[[ Supplied material, beginning ]]
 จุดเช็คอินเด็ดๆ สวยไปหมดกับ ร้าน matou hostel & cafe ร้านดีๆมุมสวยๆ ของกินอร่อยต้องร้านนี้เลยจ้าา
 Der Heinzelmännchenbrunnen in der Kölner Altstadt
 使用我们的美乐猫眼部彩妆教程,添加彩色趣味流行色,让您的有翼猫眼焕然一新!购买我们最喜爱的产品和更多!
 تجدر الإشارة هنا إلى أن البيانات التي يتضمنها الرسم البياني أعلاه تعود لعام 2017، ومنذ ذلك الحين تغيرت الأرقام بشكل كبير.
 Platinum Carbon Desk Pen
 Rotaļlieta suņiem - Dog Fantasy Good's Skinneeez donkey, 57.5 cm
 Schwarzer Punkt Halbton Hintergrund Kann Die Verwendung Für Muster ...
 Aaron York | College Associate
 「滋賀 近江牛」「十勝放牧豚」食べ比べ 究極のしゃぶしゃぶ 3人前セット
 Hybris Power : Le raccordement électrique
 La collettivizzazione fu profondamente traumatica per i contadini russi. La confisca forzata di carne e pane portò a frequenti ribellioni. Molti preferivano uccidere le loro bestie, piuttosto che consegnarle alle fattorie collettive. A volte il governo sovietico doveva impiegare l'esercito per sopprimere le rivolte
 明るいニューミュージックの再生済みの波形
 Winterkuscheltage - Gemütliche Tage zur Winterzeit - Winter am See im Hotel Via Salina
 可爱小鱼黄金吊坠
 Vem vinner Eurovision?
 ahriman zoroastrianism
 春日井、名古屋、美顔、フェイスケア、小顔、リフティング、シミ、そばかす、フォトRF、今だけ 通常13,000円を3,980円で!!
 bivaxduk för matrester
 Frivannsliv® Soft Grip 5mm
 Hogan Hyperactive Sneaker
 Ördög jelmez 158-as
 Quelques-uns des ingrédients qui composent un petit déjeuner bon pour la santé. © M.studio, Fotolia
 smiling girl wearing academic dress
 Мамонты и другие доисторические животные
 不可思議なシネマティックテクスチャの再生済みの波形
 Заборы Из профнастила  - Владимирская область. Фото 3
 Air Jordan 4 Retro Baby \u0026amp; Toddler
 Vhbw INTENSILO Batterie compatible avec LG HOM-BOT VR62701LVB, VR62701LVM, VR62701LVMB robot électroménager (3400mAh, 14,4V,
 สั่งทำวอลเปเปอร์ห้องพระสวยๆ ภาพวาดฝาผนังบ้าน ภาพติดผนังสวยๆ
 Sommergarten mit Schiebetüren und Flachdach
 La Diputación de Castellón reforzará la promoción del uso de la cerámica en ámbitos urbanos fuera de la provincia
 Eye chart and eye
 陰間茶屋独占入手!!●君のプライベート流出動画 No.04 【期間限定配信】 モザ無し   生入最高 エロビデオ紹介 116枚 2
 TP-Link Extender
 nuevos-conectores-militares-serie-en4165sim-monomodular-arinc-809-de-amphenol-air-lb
[[ Supplied material, end ]]
## Your instructions
Give back, word for word, the lines from the one with "Vem vinner Eurovision?" through the last line of the entries, both included, and no other line.

## Exercise solution
 Vem vinner Eurovision?
 ahriman zoroastrianism
 春日井、名古屋、美顔、フェイスケア、小顔、リフティング、シミ、そばかす、フォトRF、今だけ 通常13,000円を3,980円で!!
 bivaxduk för matrester
 Frivannsliv® Soft Grip 5mm
 Hogan Hyperactive Sneaker
 Ördög jelmez 158-as
 Quelques-uns des ingrédients qui composent un petit déjeuner bon pour la santé. © M.studio, Fotolia
 smiling girl wearing academic dress
 Мамонты и другие доисторические животные
 不可思議なシネマティックテクスチャの再生済みの波形
 Заборы Из профнастила  - Владимирская область. Фото 3
 Air Jordan 4 Retro Baby \u0026amp; Toddler
 Vhbw INTENSILO Batterie compatible avec LG HOM-BOT VR62701LVB, VR62701LVM, VR62701LVMB robot électroménager (3400mAh, 14,4V,
 สั่งทำวอลเปเปอร์ห้องพระสวยๆ ภาพวาดฝาผนังบ้าน ภาพติดผนังสวยๆ
 Sommergarten mit Schiebetüren und Flachdach
 La Diputación de Castellón reforzará la promoción del uso de la cerámica en ámbitos urbanos fuera de la provincia
 Eye chart and eye
 陰間茶屋独占入手!!●君のプライベート流出動画 No.04 【期間限定配信】 モザ無し   生入最高 エロビデオ紹介 116枚 2
 TP-Link Extender
 nuevos-conectores-militares-serie-en4165sim-monomodular-arinc-809-de-amphenol-air-lb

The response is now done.